For years, tenants and tenant advocates have lobbed criticism at the Neighborhood Entrepreneurs Program (NEP), Mayor Giuliani’s flagship small-landlord plan for rehabbing and privatizing city-owned housing. They say it runs roughshod over tenants’ concerns and prohibits them from getting into the city’s tenant co-op program.
This month, they’ve started doing something about it on two fronts–a two-pronged legal and political pincers they hope will make the program more accountable to tenants.
NEP hires local landlords to rehab decrepit city buildings with subsidized loans and grants. The new owners are supposed to shift tenants into nearby buildings while they fix up the properties, then move the original tenants back in, promising low rents for 15 years. The city chooses which buildings get into the program, and opting out is difficult for tenants.
Now, a few enterprising public interest attorneys have figured out a way to give tenants a second chance at getting their buildings out of NEP and into tenant ownership, by using a process from a backwater of the city charter that permits court challenges to bureaucratic decisions.
Last fall, the housing agency turned down a group of Brooklyn tenants applying to make their dilapidated building a co-op through the Tenant Interim Lease program because more than 50 percent of them weren’t paying rent.
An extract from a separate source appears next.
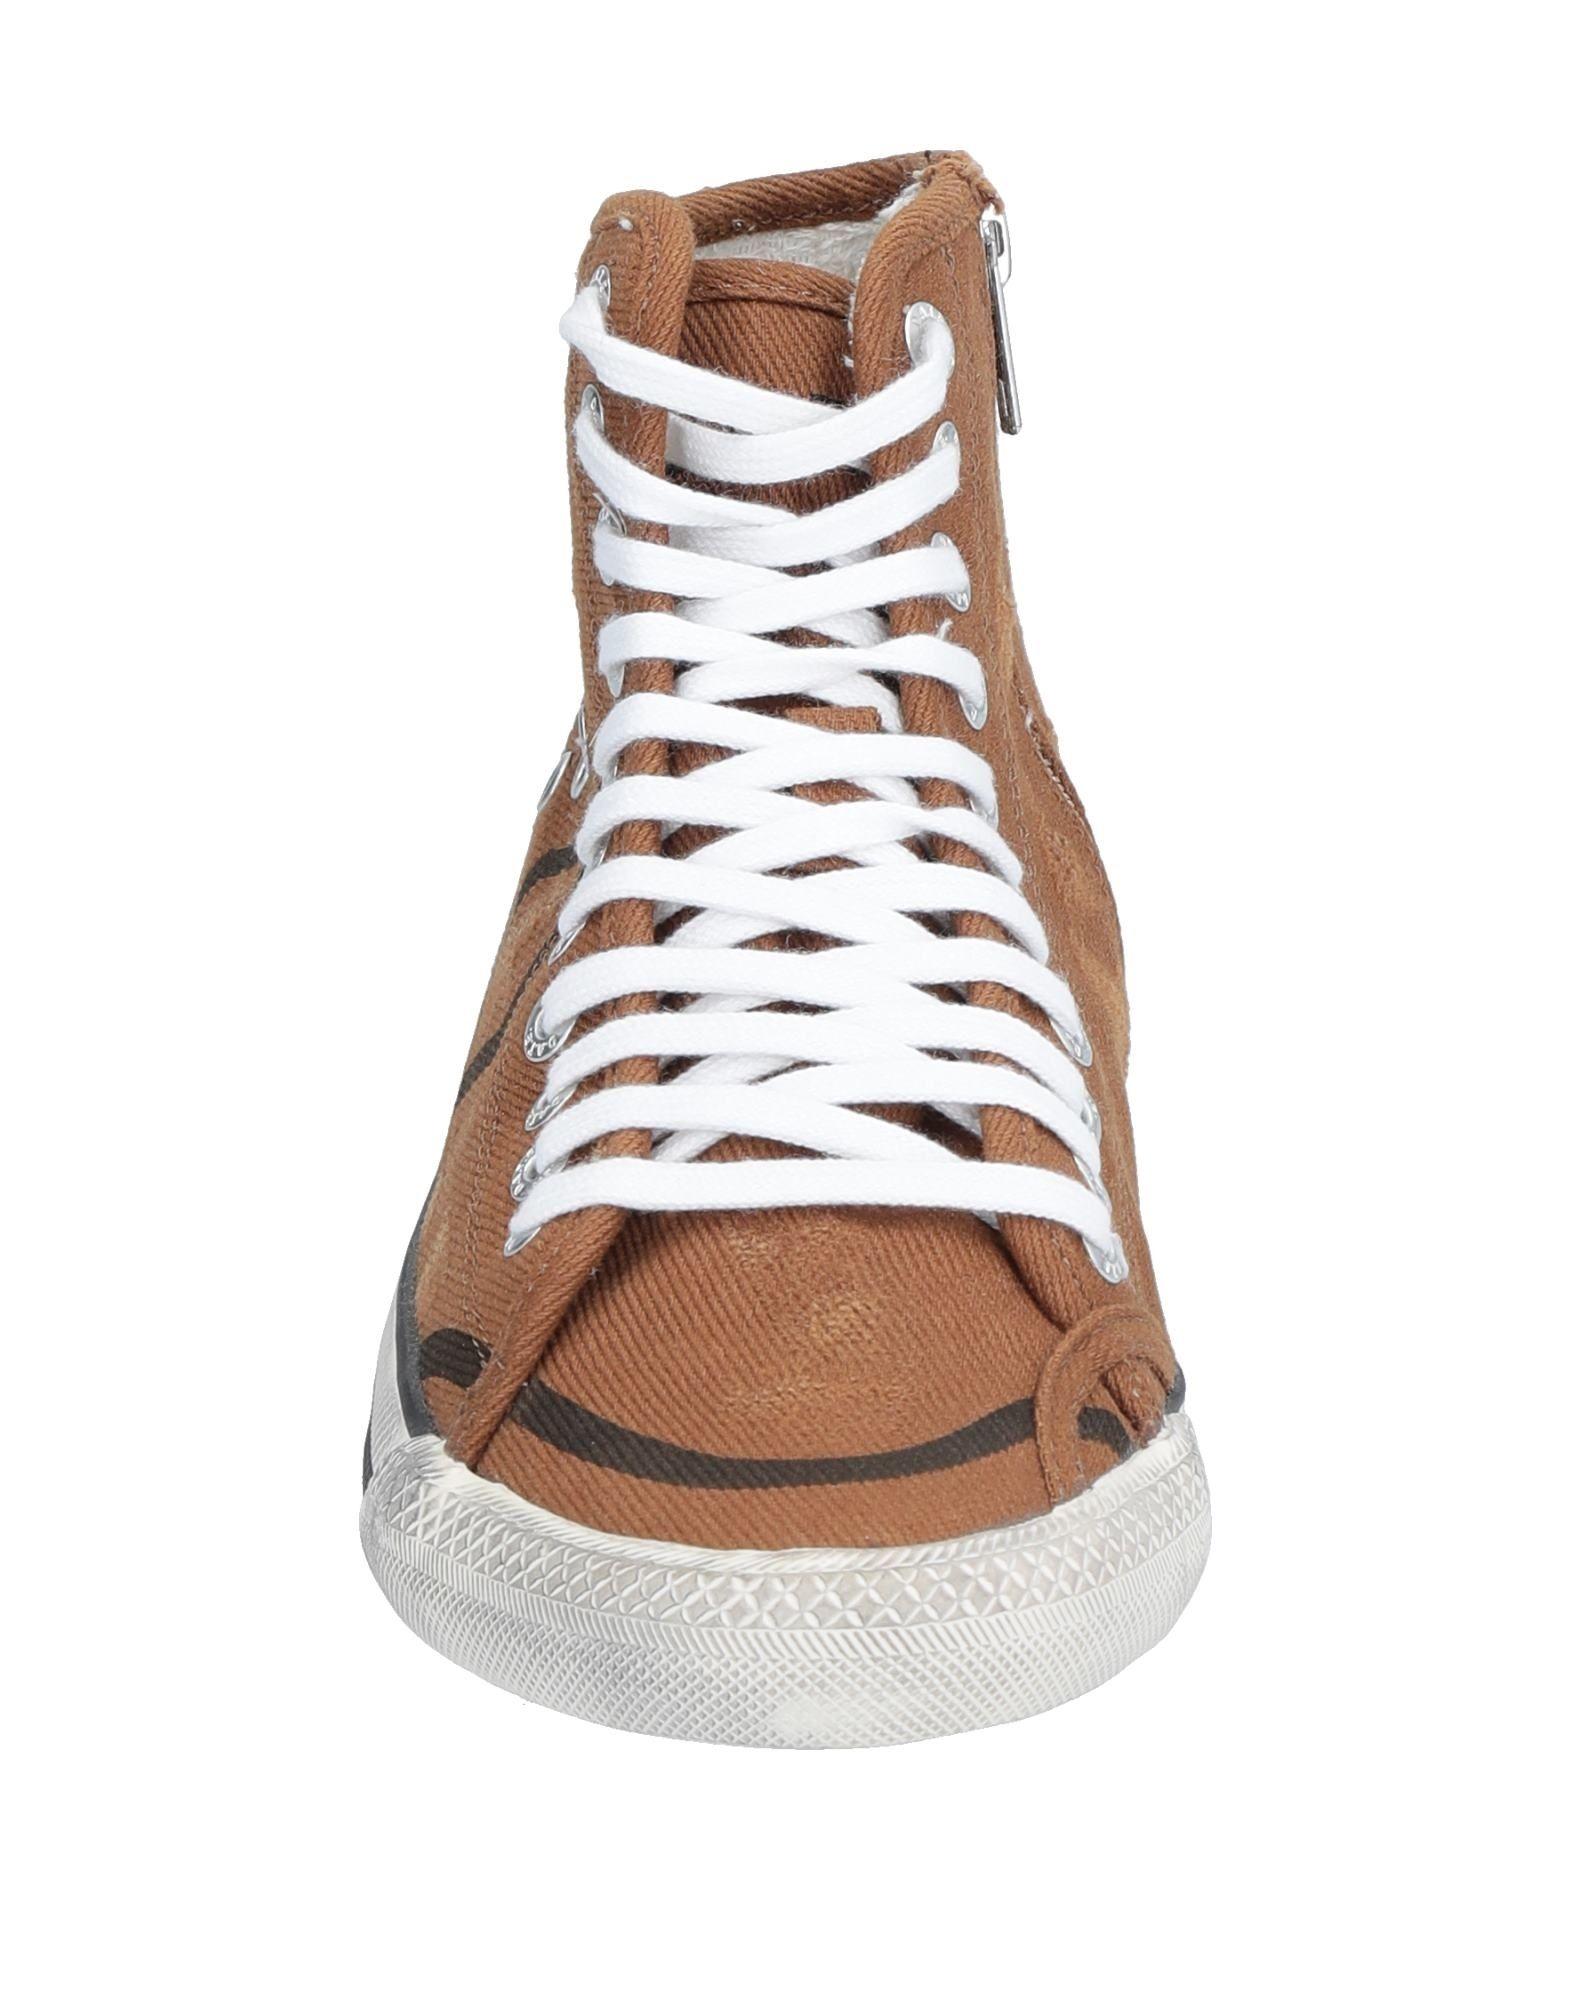 Gut um billige Schuhe zu 11533995IO tragenD.A.T.E. Sneakers Damen  11533995IO zu 6f18e0

Instead, the city slated their building for NEP. But as their South Brooklyn Legal Services attorney Jennifer Levy points out, tenants are legally entitled to withhold their rent in a building without services. For that, and because the housing agency has never set forth guidelines for the decision-making process, she helped the tenants file a challenge to the decision late last month.
“Since the advent of NEP, there’s been a general feeling that the Department of Housing Preservation and Development is getting harder on TIL applications,” Levy explained. “There should be a process for internal review, an opportunity for tenants to appeal the decision within the agency.” The lawsuit could also force the city to adopt official rules for rejecting and accepting buildings.
The technique’s not guaranteed: Harvey Epstein, a Manhattan Legal Aid attorney is now appealing a similar case that he lost last week.
But it may not matter, since NEP may soon have organized opposition. Two upper Manhattan city councilmembers, Stanley Michels and Bill Perkins, say they have been besieged with NEP complaints. Perkins says they are now engineering a hearing as a forum for complaints. Advocates hope the plan is a sign that the council will stop rubber-stamping buildings into NEP and start exercising its veto power.
“I’ve had some preliminary conversations with [Housing and Buildings Committee Chair Archie] Spigner,” reported Perkins. “If there are problems, they’ll come to light and can get fixed.”